Given data -
- Opening Delimiter -

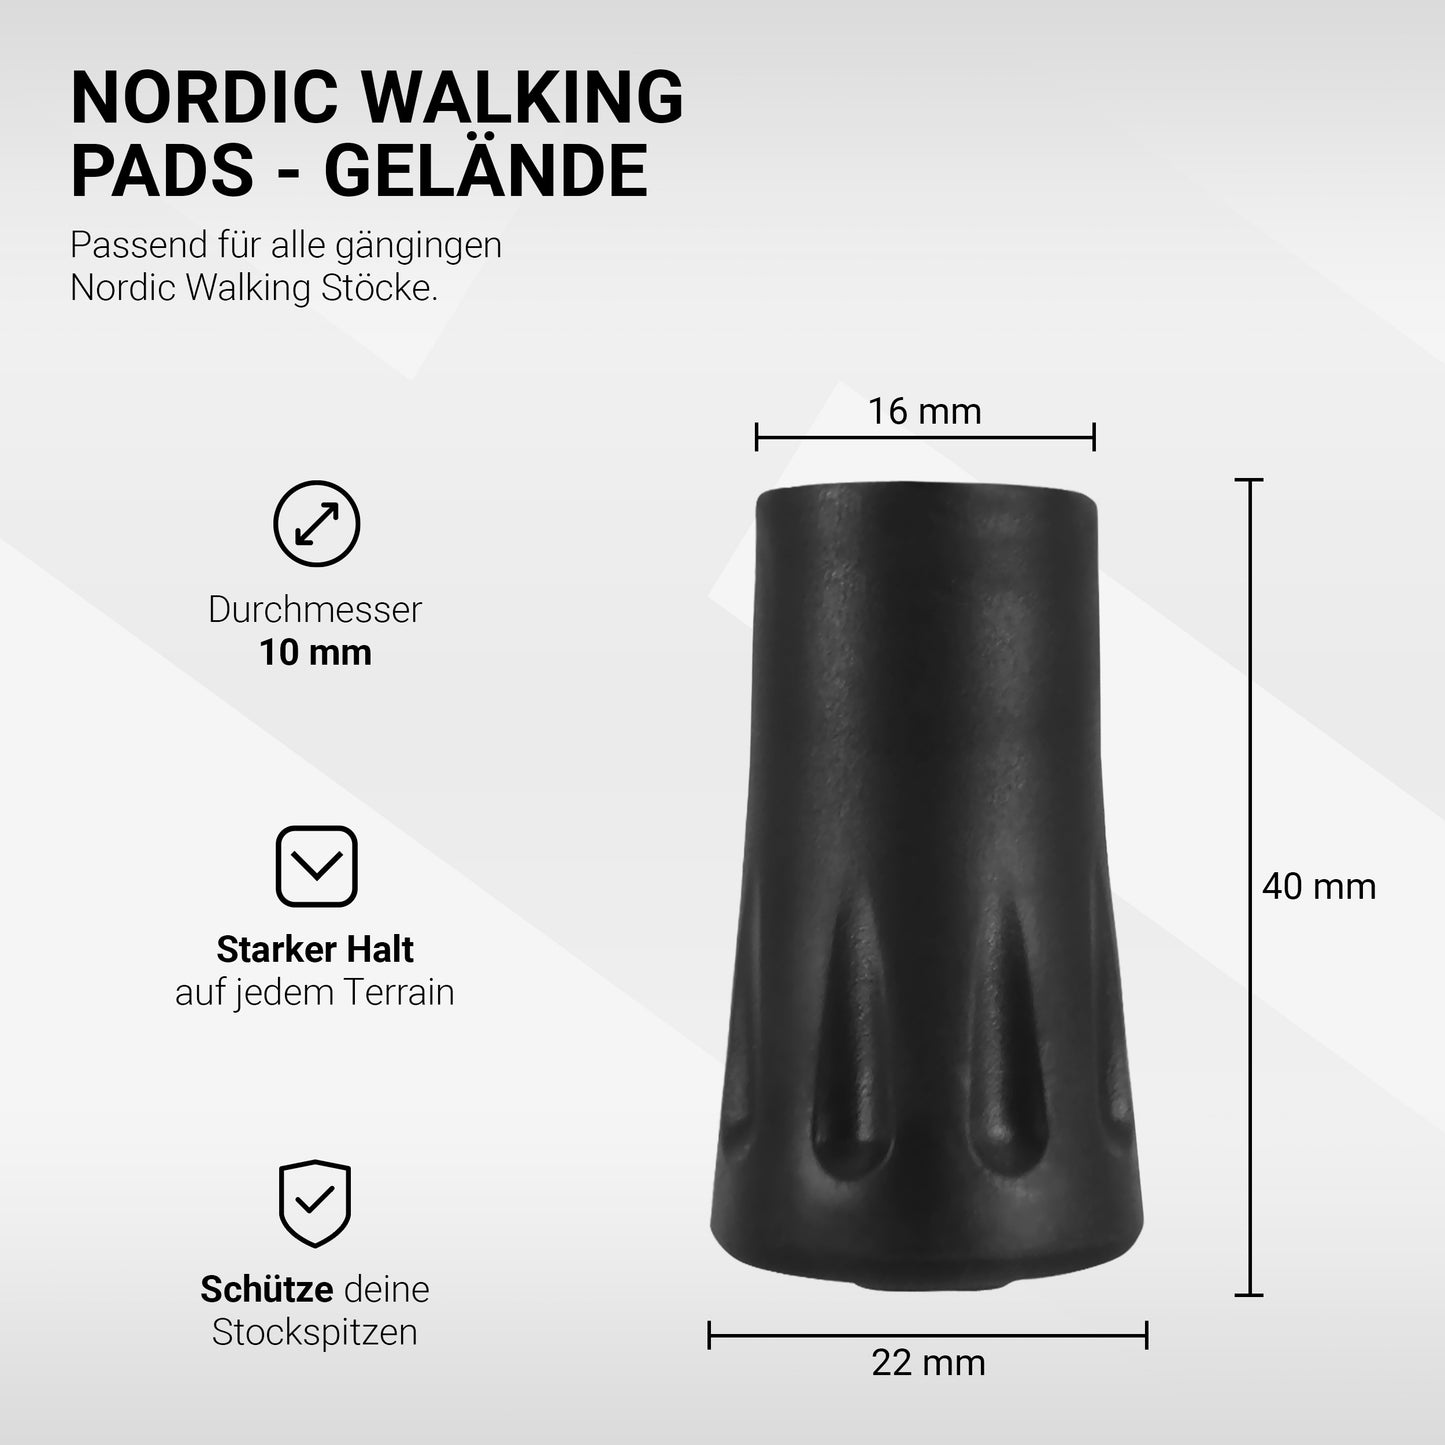 Nordic Walking Pads
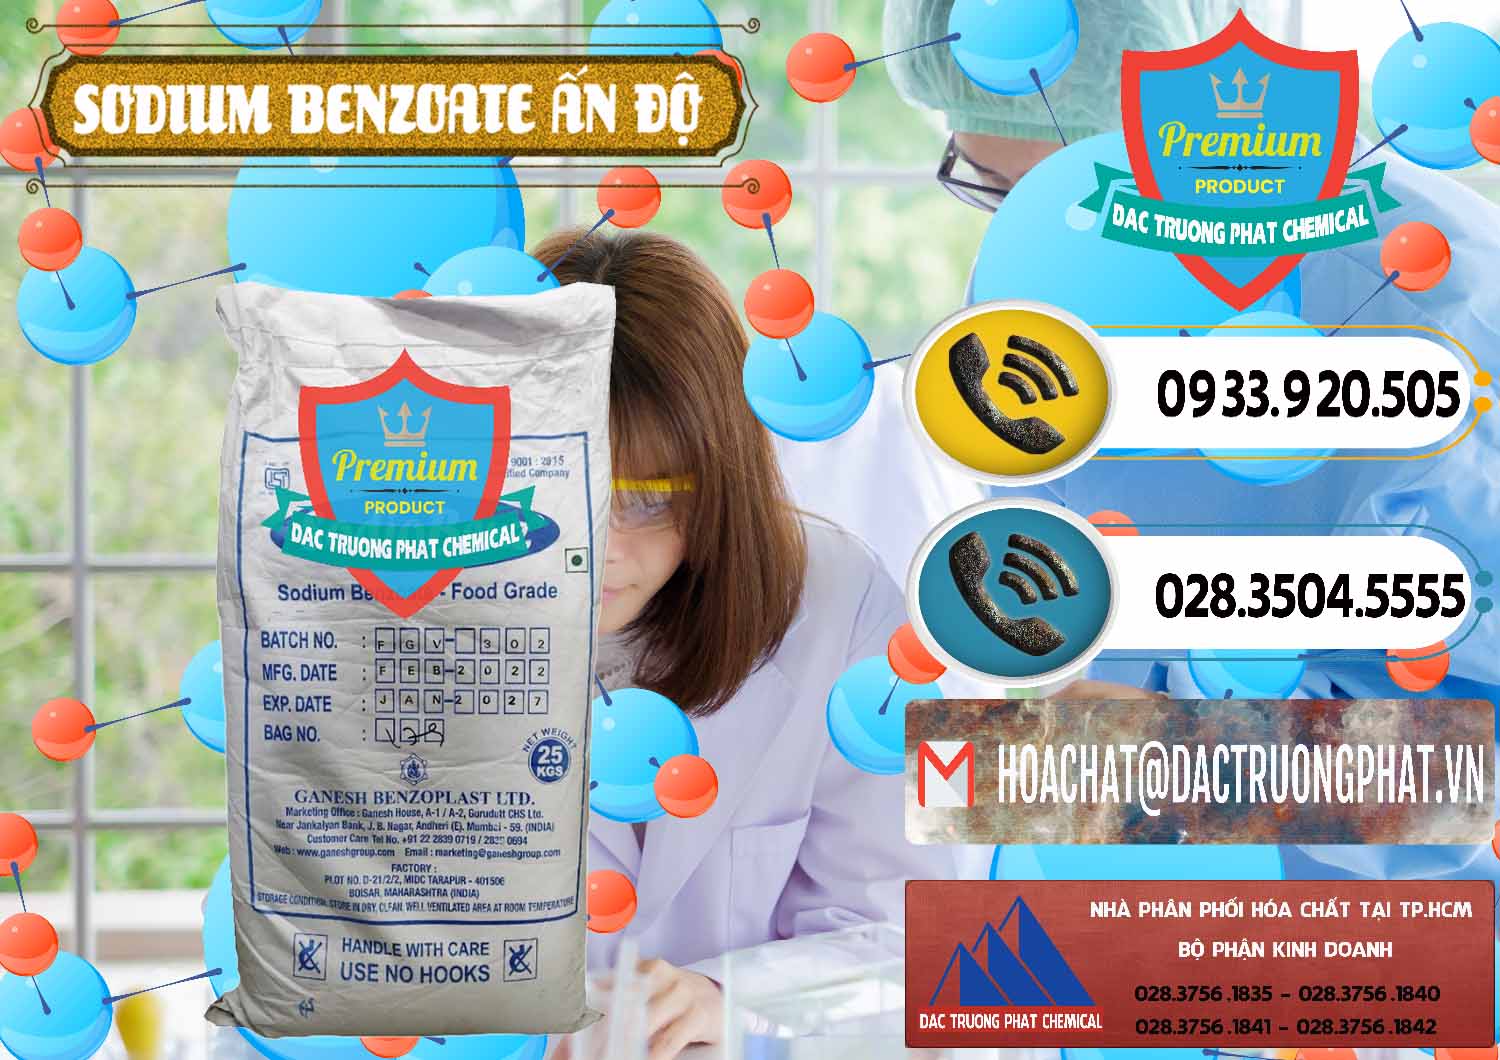 Cung ứng & bán Sodium Benzoate - Mốc Bột Ấn Độ India - 0361 - Công ty kinh doanh và phân phối hóa chất tại TP.HCM - hoachatdetnhuom.vn
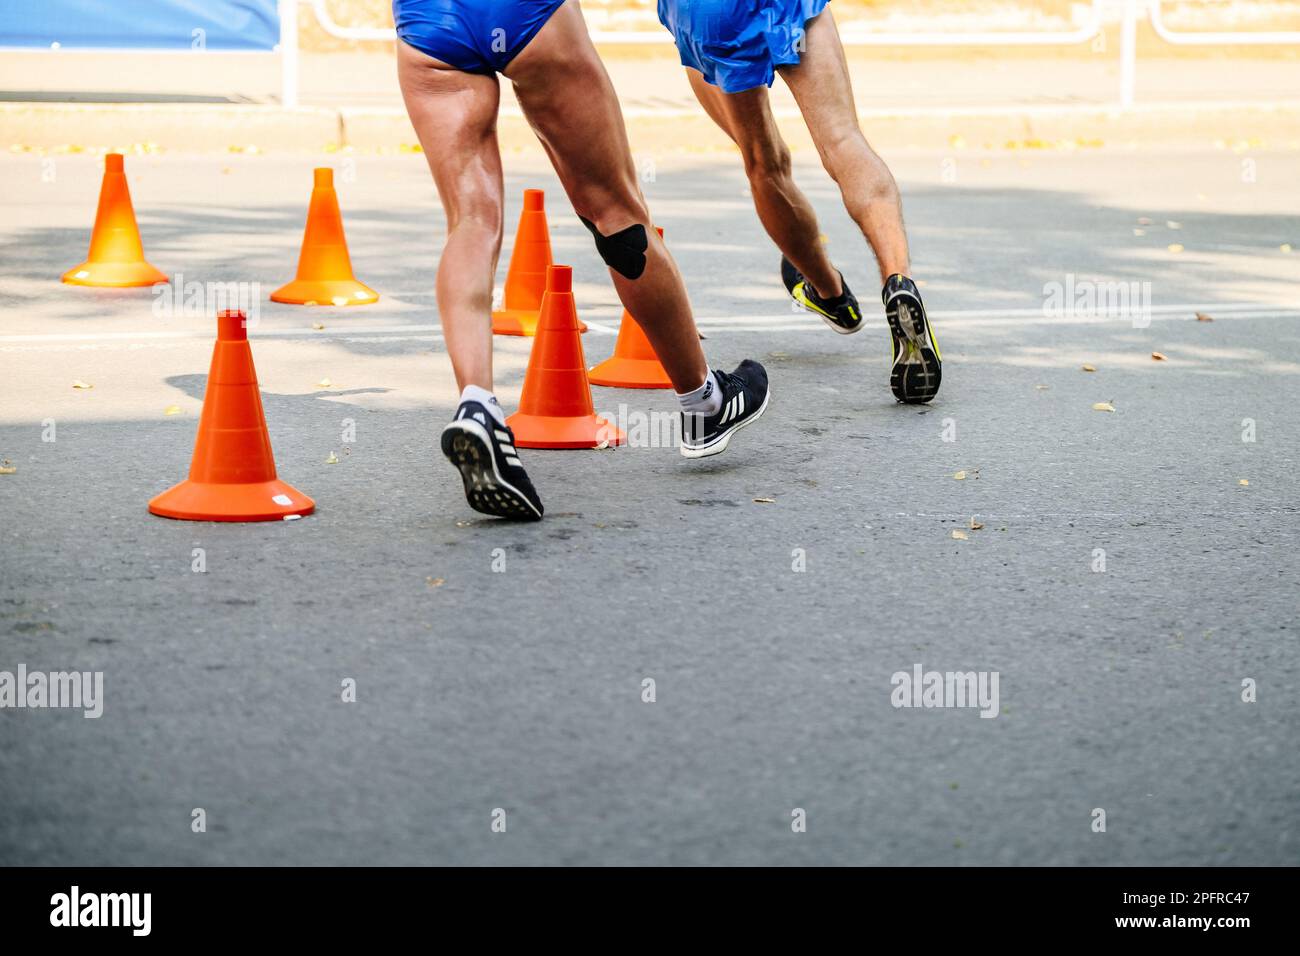 Athlète masculin et féminin en compétition de course, chaussures de sport pour la marche Adidas et Nike Banque D'Images
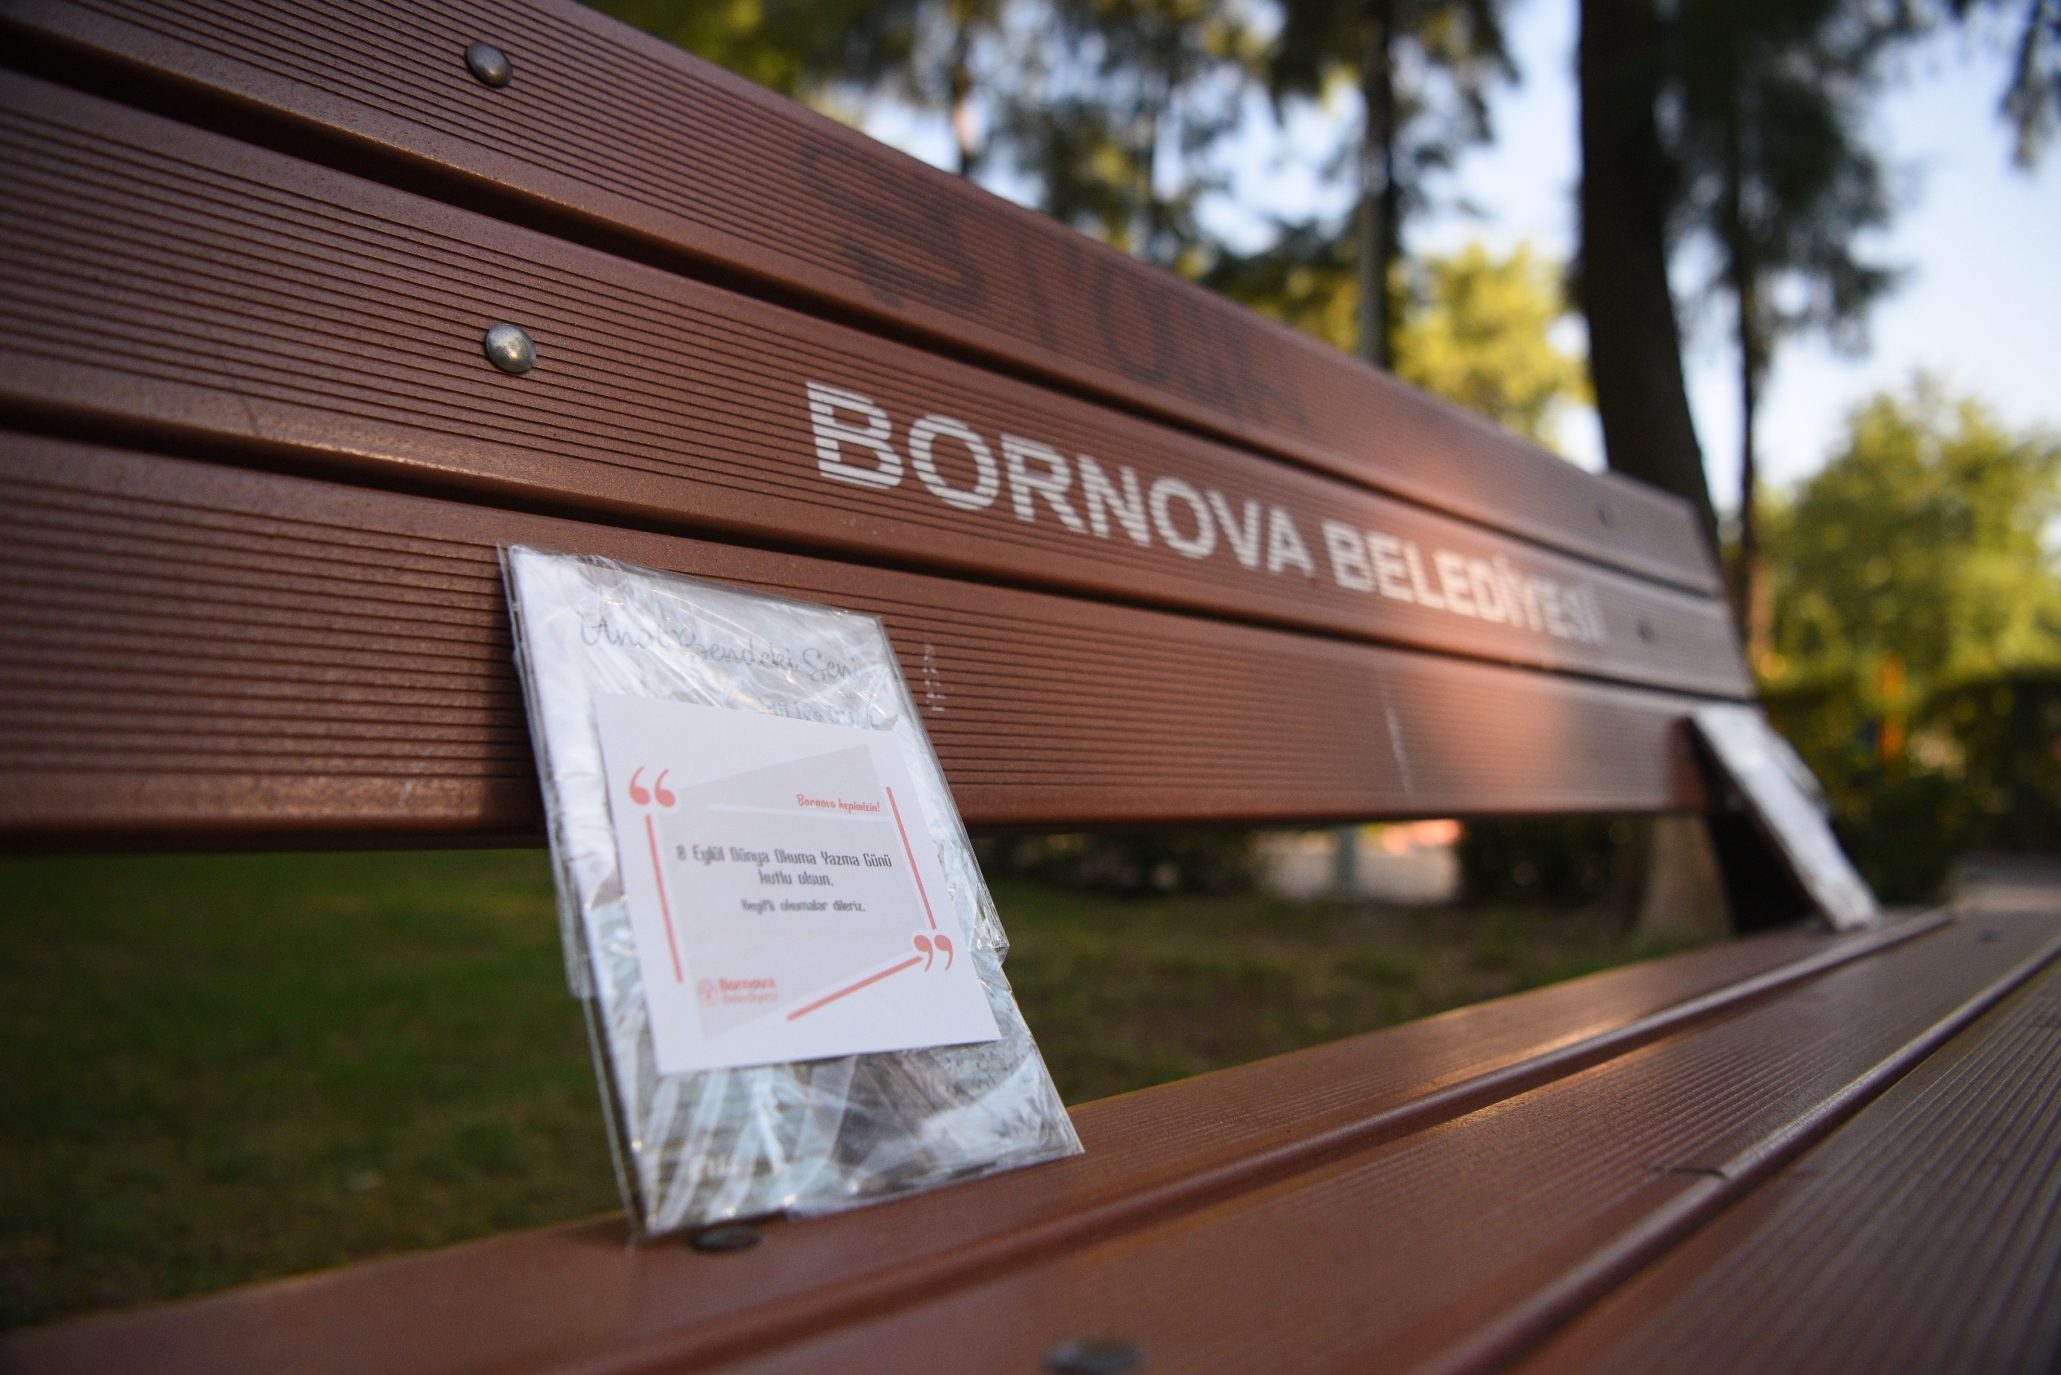 Bornova Belediyesi 8 Eylül Dünya Okuma Yazma Günü kapsamında vatandaşlara ücretsiz kitap dağıttı.

- Closing Delimiter -

Directions for this task - Skip all pictures. Write out only the lines from the one containing "Athlète masculin et" to the end of the listing above, inclusive, exactly as given.

Exercise solution -
 Athlète masculin et féminin en compétition de course, chaussures de sport pour la marche Adidas et Nike Banque D'Images
 Bornova Belediyesi 8 Eylül Dünya Okuma Yazma Günü kapsamında vatandaşlara ücretsiz kitap dağıttı.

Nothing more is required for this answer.